The Missiongrip sole coped well in a wide variety of terrain types.

And now onto the sole unit and I’ve saved this for the last section of the review as it’s contentious for many people. No doubt that you may have already read some reviews about the sole unit on On shoes. The Cloud Tech does indeed offer a great cushioning experience (pretty much the best I’ve found on these hybrid running/hiking boots) and you will have seen photos of pebbles and grit getting caught in the lugs. So, does do grit and pebbles get caught in the lugs – yes. But then no more so than many other boots I’ve used before. There is a a Y shaped slot that grit tended to get caught in and mud did build up in the sole. But if you apply a little maintenance they will be fine, so yes I may need to dig out some grit and yes remove dried mud but then I’ve has to do that with every hiking boot I’ve ever owned. The cushioning more than makes up for the small amount of extra work it amounts to.

The Missiongrip sole is also another aspect than On refer to on the boot and I found the friction very good on dry rock and reasonable on wet, clean rock. Needless to say in the UK you are more likely to come across mud, moss and other slippy hazards that no rubber will mitigate so I’m putting a proviso on that. Brilliant on rock, OK on wet ground as lugs are well spaced and placed. You not be able to resole the Cloudrock’s as it is very specific but the soles have proved quite durable for the punishing terrain I’ve put them through. The Speedboard has proved stable in a whole variety of situations including some easy rock scrambles. I haven’t worn them in snow yet but I’m confident that they will perform for me with running crampons and spikes and I’m looking forward to trying them out in winter mountain running.
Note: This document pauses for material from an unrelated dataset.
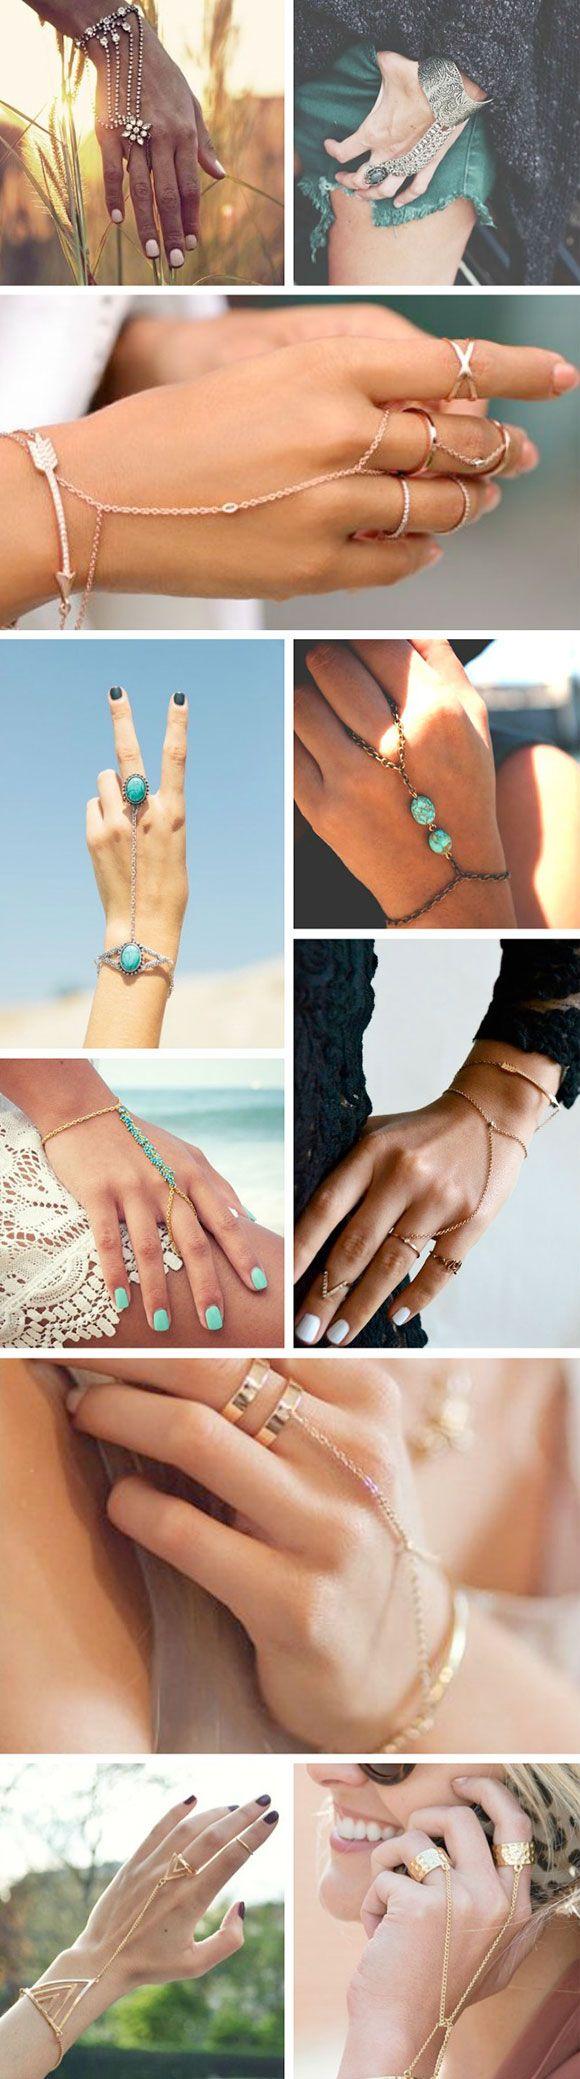 Trend: Hand Chain

In conclusion, the On Cloudrock Waterproof shoes are a great hiking boot and as a first foray into the market On have done well. The boot is supremely comfortable and provides a stable ride over all types of terrain. The waterproof membrane has proved breathable on warmer days and has kept the water out on water soaked ground. I suspect that as with all non leather hiking boots the membrane will leak over time but you can improve this by wearing waterproof socks (such as SlealSkinz). They’re stylish and perform well which, in my book is a winning combination.

The On Cloudrock Waterproof boots come in three colour options and sizes UK 6.5 to 13.5 for Men and sizes UK 3 to 9 for Women in half sizes.

The SRP is £180 and they are available direct from On Europe.

Disclaimer – CGR reviewers and writers are never paid to provide a review and the website does not take advertising or link to affiliate sales. We are a bunch of keen climbers and travellers that accept sample products and offer an honest and independent review of the item. The reviewer will often keep the sample after reviewing it for both hygiene and safety reasons and more often it’s in no fit state to return!

2 thoughts on “On Cloudrock Waterproof Review 2019

  1. I saw this boot on a review somewhere else and was curious about it. I have been wearing Hoka One One Speedgoat Mids for the last 4 years here in Washington’s North Cascades and have really enjoyed their aggressive vibram soles and cushioning for hiking, backpacking, and scrambling. Ultralight footwear compliments ultralight gear. I like the Altra Lone Peak Mid 3.0 also. Thanks for the information.